Dev LabelCompany2009 Label Entity and Number Guidelines

Label Company Proposal 2009 -


Although this new system has the potential for more information to be
entered, one of the requirements is for it to offer a straightforward
system for submitters to use. As such, the guidelines need to be
straightforward and easy for the submitter.

The current label and cat# guidelines are somewhat long and imprecise,
mainly due to the transition between the old and new systems, but also
because of the need to define 'Label', and due to legacy rules regarding
catalog numbers.

The following is a rewrite of this section of the guidelines for the new
system, taking all this into account:


Labels and other Entities

This field is used for entering the label, record company, and other
companies, brands, and series information on the release.

If the required entity doesn't exist in Discogs, it will be created when
you submit.

Different Entities With The Same Name

For entities that share the same name, a number in parentheses should be
used, for example "LabelName", "LabelName (2), "LabelName (3)" etc.

Name Variation

Please check (using the search function) for slight variations in the
name (for example with or without 'Records' on the end).

For smaller 'independent' labels and companies, such a variation is
usually unintentional, so you can usually enter it using the Name
Variation function.

For larger 'major' labels and companies, any difference may be
significant, in terms of defining a separate branch, brand, or company.
These should be entered as on the release, unless there is proof that it
is a variation in the name of the exact same brand or company.

For example; "EMI Records Ltd" and "EMI Records Limited" are the same
company and should be listed using the Name Variation function, whereas
EMI Music Australia Pty Ltd is a separate company and should be entered
on its own page.
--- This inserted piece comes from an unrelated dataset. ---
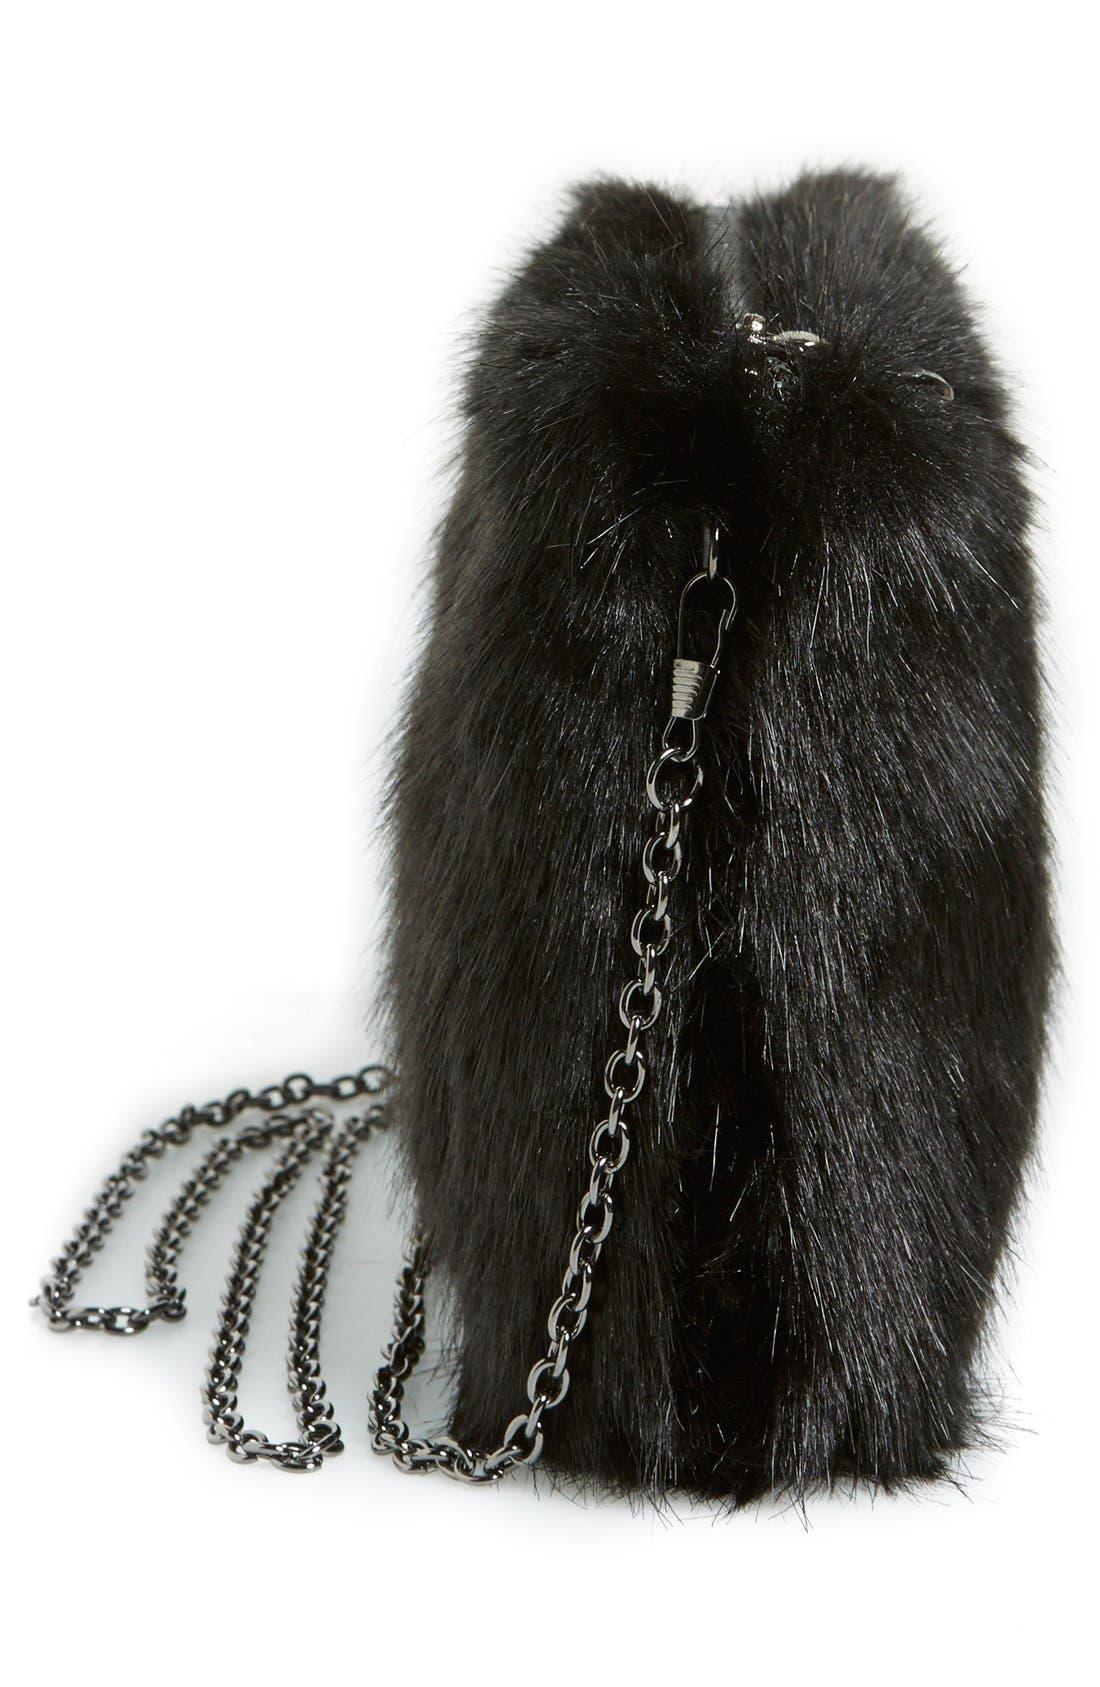 LA DOUBLE 7,                             No Brand Needed Faux Fur Convertible Clutch,                             Alternate thumbnail 4, color,                             001

These companies will probably appear on a release along
with the label (for example, 'EMI'), which should be added as a separate

The responsibility is on the user wishing to combine label or company
names to provide proof that the entity they are trying to combine is
indeed one and the same. For example, external links to official or
otherwise verifiable sites, and citations from printed texts, must be
provided. If in doubt, please do not use Name Variations.

No Label (Not On Label)

Releases which have no discernible label or record company, such as
self-released albums, limited edition tour merchandise, white labels,
bootlegs, etc. should be listed under the "Not On Label" meta-label.
Before choosing Not On Label, please check for any catalog number or
other markings that could associate a release with a particular label,
or labels. Often, white label records can be tied back to a label by the
catalog numbers found in the run-out grooves, and some CDs with limited
information present might include a label logo, if no catalog number is
clearly present.

Not On Label page has grown along with the rest of Discogs, and
pseudo-labels have been created to gather distinct series of releases
without labels. The most common groupings are based on similar content
and catalog numbers, and by artist.

The original naming scheme for these pseudo-labels was
'Series/ArtistName' (White), implying that the associated releases were
white labels. As not all releases of these sorts are white labels, a
more common naming scheme is now recommended:

  • Not On Label (ArtistName) -- for unofficial releases containing
    music by a certain artist
  • Not On Label (ArtistName Self-released) -- for music released
    specifically by an artist, as found on tours and sold via personal
  • Not On Label (SeriesName Series) -- for material with a clear
    pattern but no actual label name associated, like sequential catalog
    numbers and similar content, or the inclusion of an email address

Catalog and other Numbers

Discogs allows us to enter all the numbers on a release.

The catalog number is the most important number to list on a release. It
is usually the most prominent number printed on the release - often on
the spine, on the back cover, and on the label etc. It should be entered
directly as it appears on a release.

Where no catalog number exists, you must enter "none" into the catalog
number field (note the lower case n). (do we keep this???)

If the catalog number appears in different formats on the release (for
example "ABC-001" and "abc1"), enter all the versions of the catalog
number in separate catalog number fields. Be careful you don't confuse
it with matrix numbers.

If there is no apparent catalog number on the release, the matrix number
is important to enter if possible.

Please be careful not to add Label Codes or Distribution Codes into the
catalog number field. More information about these codes can be found on
the wiki Label Codes page and Distribution Codes page.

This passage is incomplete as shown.